According to the TCRS, employers seem to agree. Contrary to the widely held notion that most employers can't wait to downsize Boomers, well over 80 percent of employers surveyed feel that Boomers are valuable for their ability to train and mentor others, for their institutional knowledge and for their wisdom and life experience. Still, there is much to be done to both reassure Boomers that they are valued, and to put programs in place to demonstrate employers' support. Education is high on the list, with employers needing to make sure that Boomers understand available benefit plans within the company, and how to best utilize them, as well as training to understand how to deal with Social Security and Medicare. Additional work on providing certain key benefits is also on the agenda, including support for planning and transitioning to phased retirements, and offering more specific health care benefits valued by older employees, including disability, long-term care, critical care and cancer insurance. Finally, employers can do more to foster a truly intergenerational workplace, adopting internal policies and practices to reinforce the value of diversity within company cultures.

Boomer employees need to do their part as well to adapt to this new environment. TCRS suggests a number of steps Boomers can take to contribute to their own success in the new workplace. They boil down to three overall categories:

1. Be proactive. While nearly half of Boomers say they are focusing on maintaining good performance on the job, staying healthy, and keeping their skills up to date, far fewer recognize the value of networking, staying on top of the overall employment market in their field, or going back to school to gain new knowledge or skills. Only 1 percent of Boomers are active in all of these pursuits. If we are to be taken seriously in the work place, and competitive with younger workers who are arguably more in touch with contemporary digital business skills and workflows, we need to "level up." If we are going to be successful, and stop being perceived as too old, too expensive and too out of touch, we need to be much more engaged.

2. Plan better. Whether it's getting out of denial and confronting our own lack of retirement savings (median household retirement account balance: $127,000), developing a written plan or strategy for our retirement (only 14 percent of us have one), or getting help from a professional financial advisor (only 40 percent of us have done so), it's time for us to take charge of our money. Time is running out. At the very least, we need to think about a backup plan, a "Plan B," for dealing with an unexpected change or life-threatening situation. Only 26 percent of us have thought about this and created such a plan.

3. Talk more. We're all in this together -- workers, employers and families. It appears that only 9 percent of us regularly discuss retirement savings and planning issues with our family and friends. I was surprised to read the TCRS statistics, but it appears that we just don't want to admit to the fact that we are getting older, and that things are going to change. We don't have to look at this as "doom and gloom." We can look at it as an opportunity. Let's not forget to engage our employers in these conversations, too. If they are willing to value us for our experience, knowledge and wisdom, they should be willing to work with us to address our concerns about providing appropriate benefits. After all, it is in everyone's best interest to support a healthy, happy, well-managed, and productive workplace.

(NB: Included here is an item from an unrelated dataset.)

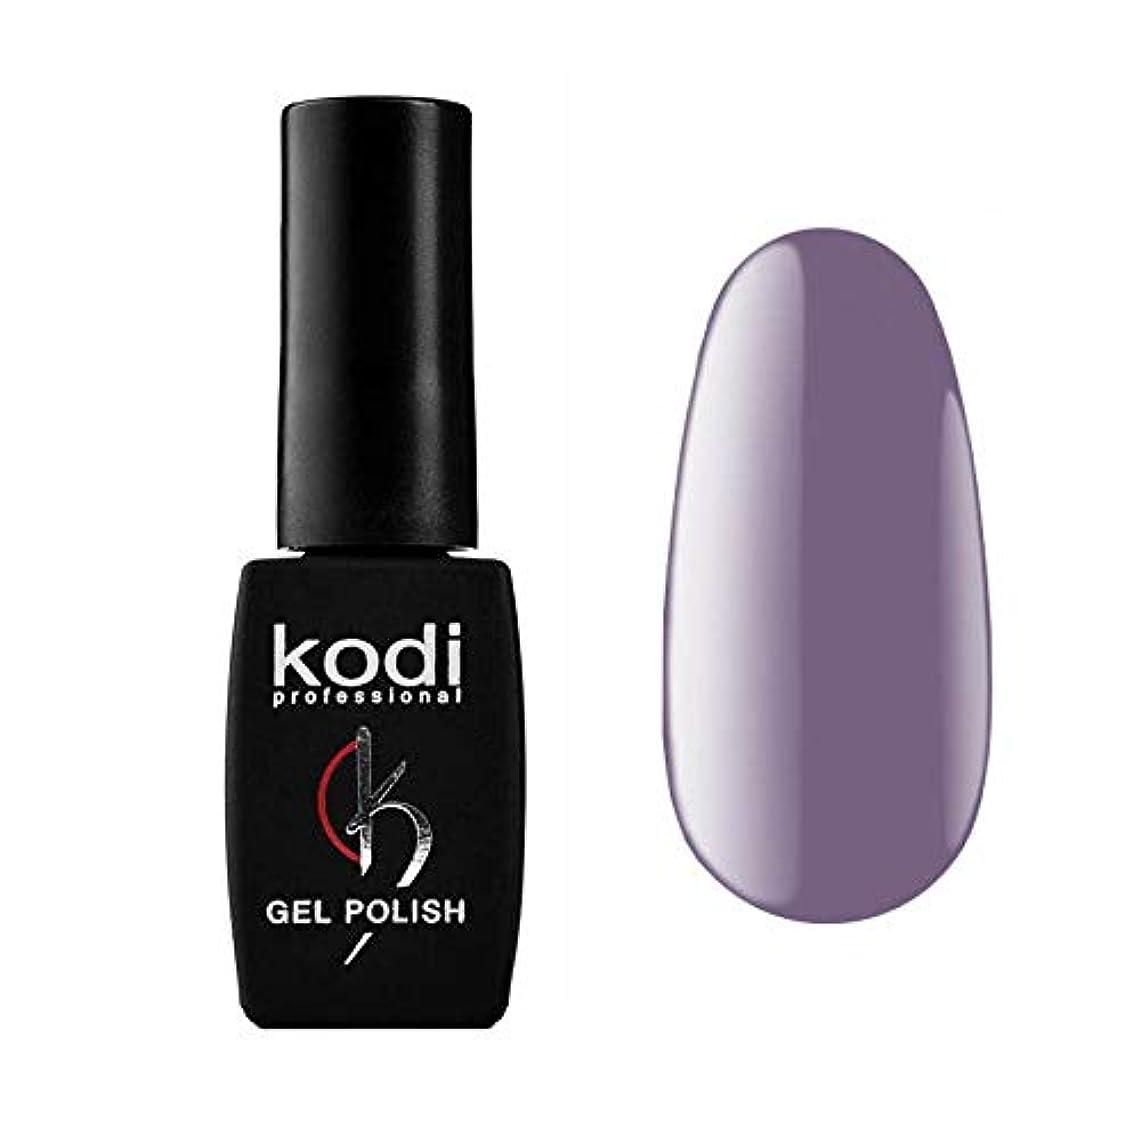 発生器ライセンス地理Kodi Professional New Collection LC LILAC #20 Color Gel Nail Polish 12ml 0.42 Fl Oz LED UV Genuine Soak Off

Many Boomers have grown embittered over the past decade, and our generation took a particularly big hit during the Great Recession. While it is encouraging to hear that employers may turn out to be more receptive and welcoming to us as longer-term workers, and supportive of our career goals, we need to take the initiative. We cannot sit back and expect employers to make the first move. We cannot act entitled, and rest on our laurels. We need to take primary responsibility for charting and implementing our own course, and achieving the kind of "second act" or encore career that we want.